All of lore.kernel.org
 help / color / mirror / Atom feed
From: Breno Leitao <leitao@debian.org>
To: Miaohe Lin <linmiaohe@huawei.com>,
	 Naoya Horiguchi <nao.horiguchi@gmail.com>,
	 Andrew Morton <akpm@linux-foundation.org>,
	Jonathan Corbet <corbet@lwn.net>,
	 Shuah Khan <skhan@linuxfoundation.org>,
	 David Hildenbrand <david@kernel.org>,
	Lorenzo Stoakes <ljs@kernel.org>,
	 Vlastimil Babka <vbabka@kernel.org>,
	Mike Rapoport <rppt@kernel.org>,
	 Suren Baghdasaryan <surenb@google.com>,
	Michal Hocko <mhocko@suse.com>,  Shuah Khan <shuah@kernel.org>,
	Steven Rostedt <rostedt@goodmis.org>,
	 Masami Hiramatsu <mhiramat@kernel.org>,
	 Mathieu Desnoyers <mathieu.desnoyers@efficios.com>,
	 "Liam R. Howlett" <liam@infradead.org>
Cc: linux-mm@kvack.org, linux-kernel@vger.kernel.org,
	 linux-doc@vger.kernel.org, linux-kselftest@vger.kernel.org,
	 Breno Leitao <leitao@debian.org>,
	linux-trace-kernel@vger.kernel.org,  kernel-team@meta.com,
	Lance Yang <lance.yang@linux.dev>
Subject: [PATCH v6 2/4] mm/memory-failure: classify get_any_page() failures by reason
Date: Mon, 11 May 2026 08:38:36 -0700	[thread overview]
Message-ID: <20260511-ecc_panic-v6-2-183012ba7d4b@debian.org> (raw)
In-Reply-To: <20260511-ecc_panic-v6-0-183012ba7d4b@debian.org>

When get_any_page() fails to grab a page reference, the *reason* it
failed is known at the call site but is not surfaced to callers: the
HWPoisonHandlable() rejection path (a stable kernel page hwpoison cannot
handle — slab, vmalloc, page tables, kernel stacks, ...) and the
page_count() / put_page race paths (a transient page-allocator lifecycle
race) all collapse to a single negative errno by the time
memory_failure() sees them. memory_failure() can only observe the
conflated result and reports both as MF_MSG_GET_HWPOISON.

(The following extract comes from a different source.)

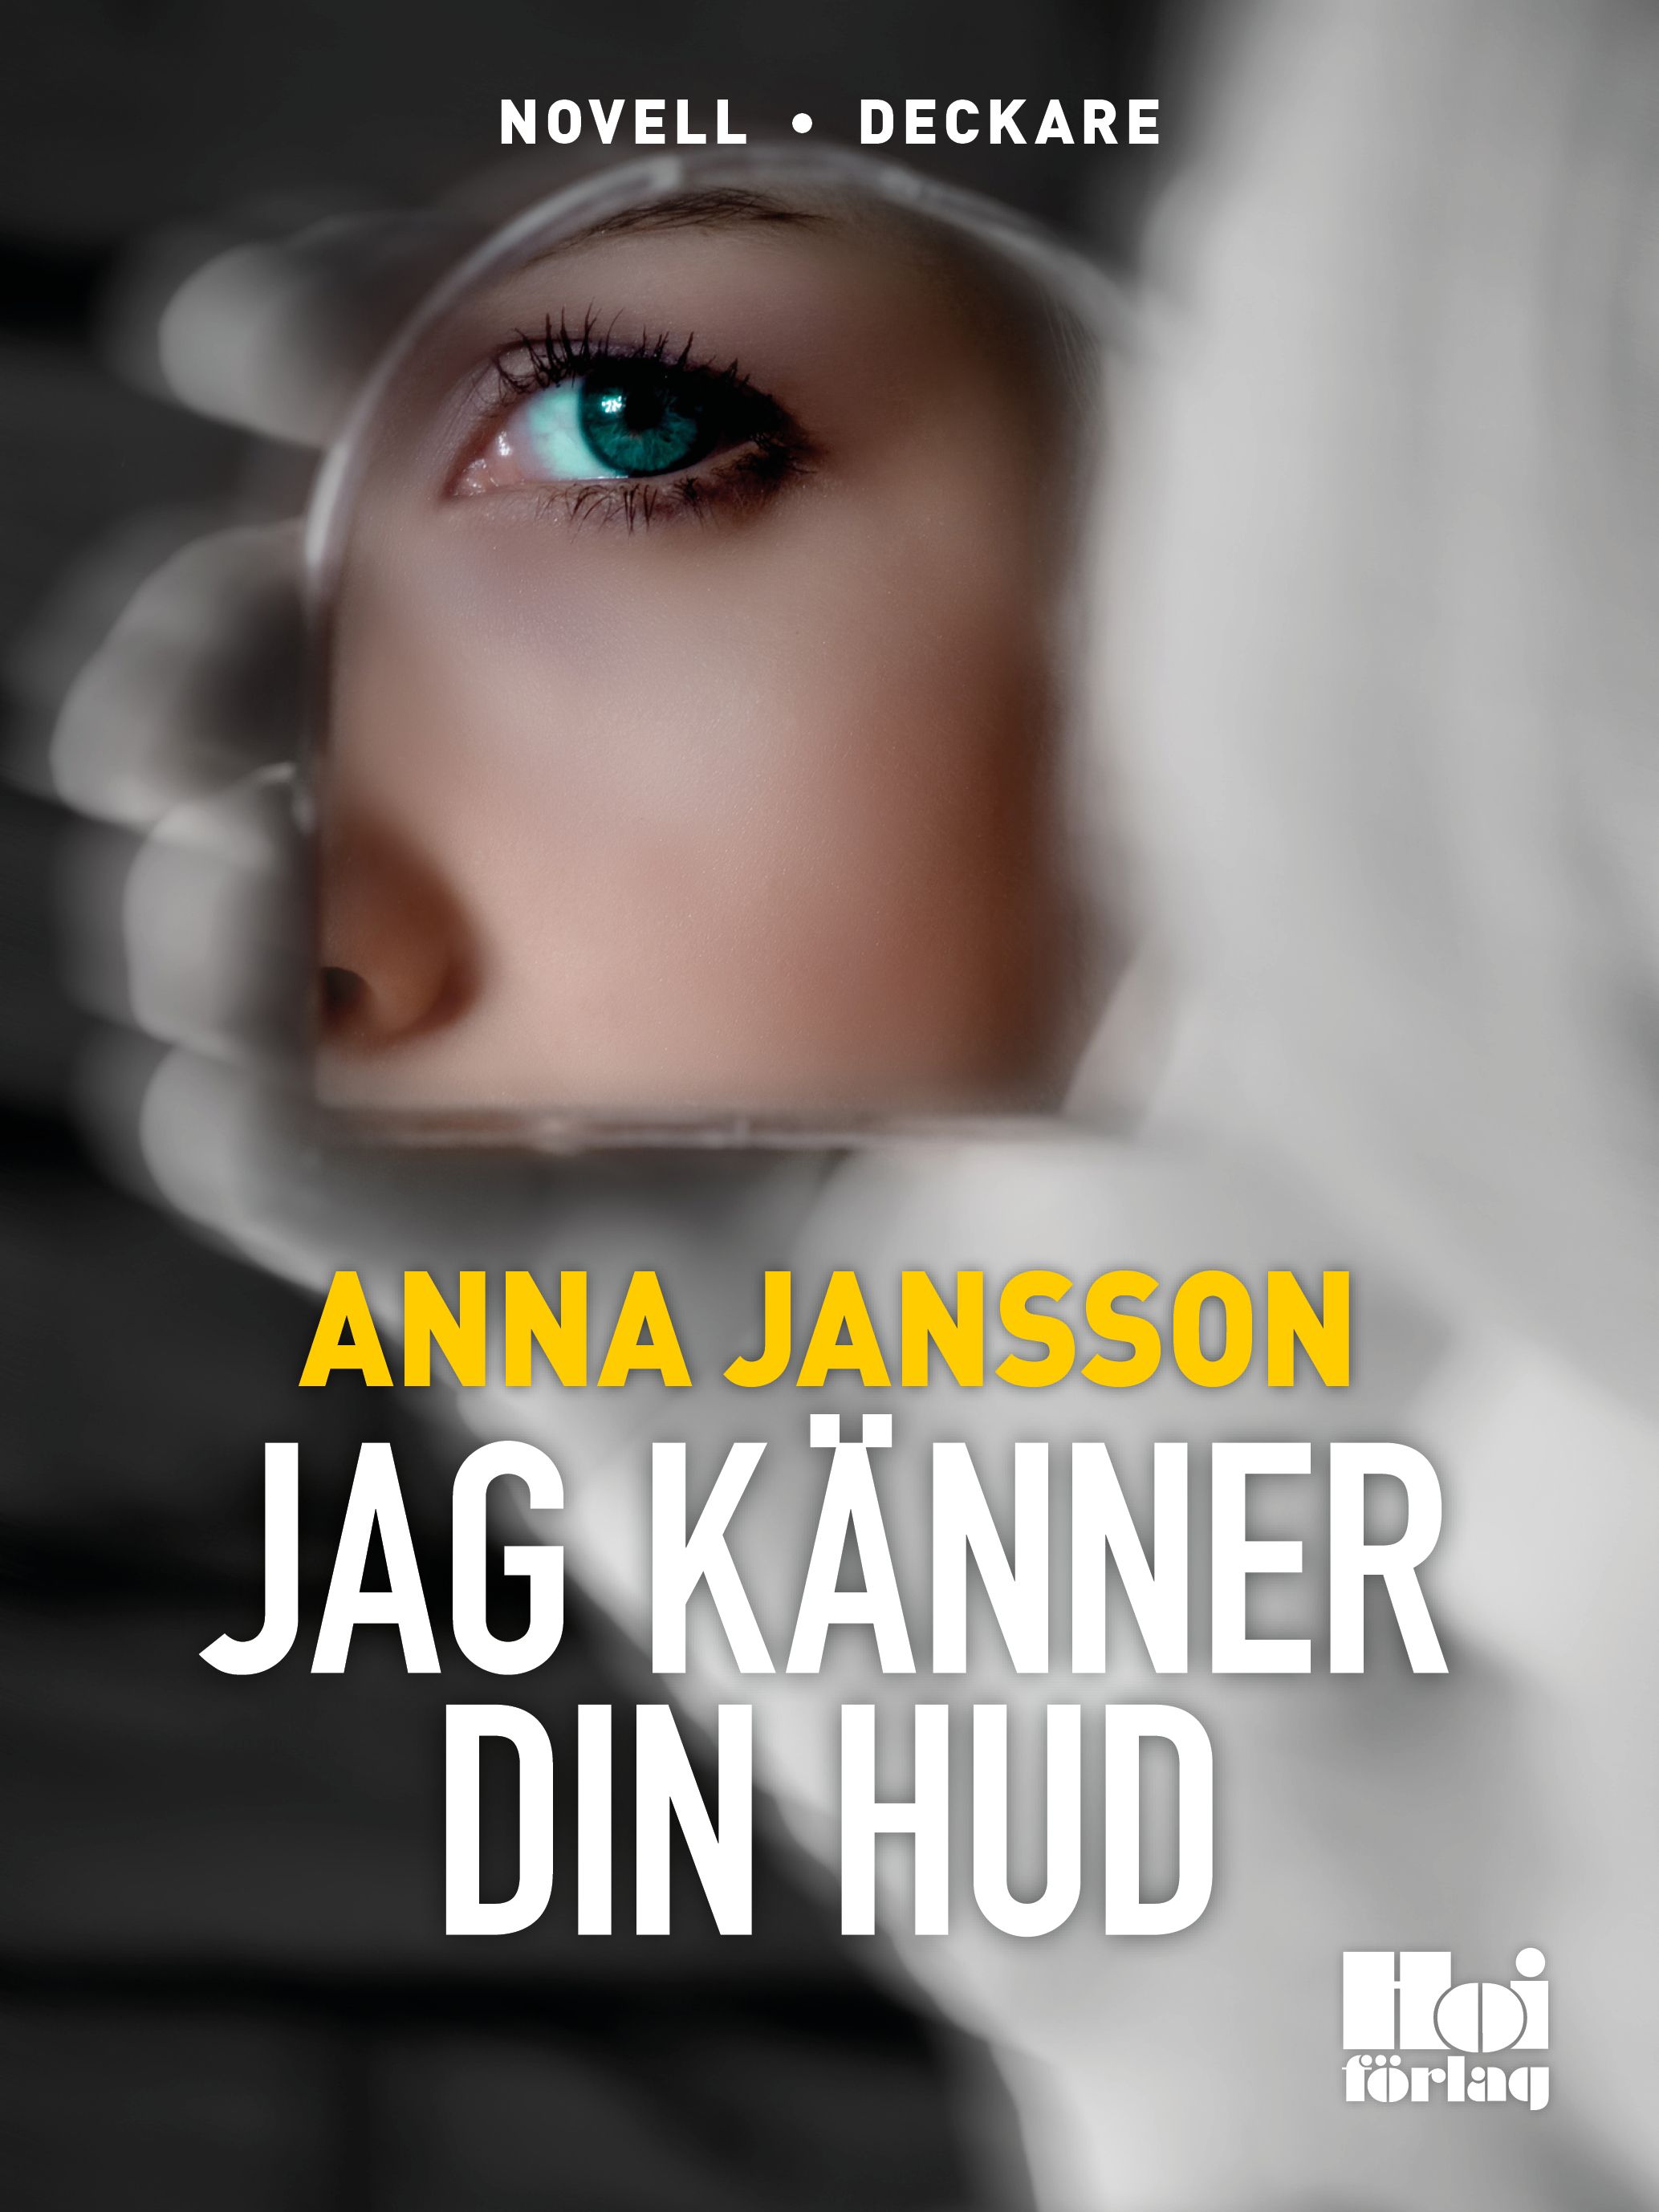 Jag känner din hud, e-bog af Anna Jansson

Surface the diagnosis explicitly. Add an mf_get_page_status enum,
plumbed out through get_any_page() and get_hwpoison_page() (NULL is
accepted by callers that do not care — unpoison_memory() and
soft_offline_page() pass NULL). get_any_page() sets the status at the
moment it gives up:

  MF_GET_PAGE_UNHANDLABLE — HWPoisonHandlable() rejected the page
                            after retries.
  MF_GET_PAGE_RACE        — exhausted retries on a refcount /
                            lifecycle race with the allocator.

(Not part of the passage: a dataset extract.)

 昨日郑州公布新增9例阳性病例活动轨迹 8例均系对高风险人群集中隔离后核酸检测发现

memory_failure() then promotes the unhandlable case to MF_MSG_KERNEL
alongside the existing PageReserved branch, and leaves the
transient-race case as MF_MSG_GET_HWPOISON. This forms the foundation
a later patch will rely on to decide whether an unrecoverable failure
should panic.

Drop the "reserved" qualifier from action_page_types[MF_MSG_KERNEL]
and the matching tracepoint string in MF_PAGE_TYPE: the enum value
now covers both PageReserved pages and unhandlable kernel pages
(slab, vmalloc, page tables, kernel stacks, ...), so "kernel page"
is the accurate label for both populations.

Suggested-by: Lance Yang <lance.yang@linux.dev>
Signed-off-by: Breno Leitao <leitao@debian.org>
---
 include/trace/events/memory-failure.h |  2 +-
 mm/memory-failure.c                   | 46 +++++++++++++++++++++++++++++------
 2 files changed, 39 insertions(+), 9 deletions(-)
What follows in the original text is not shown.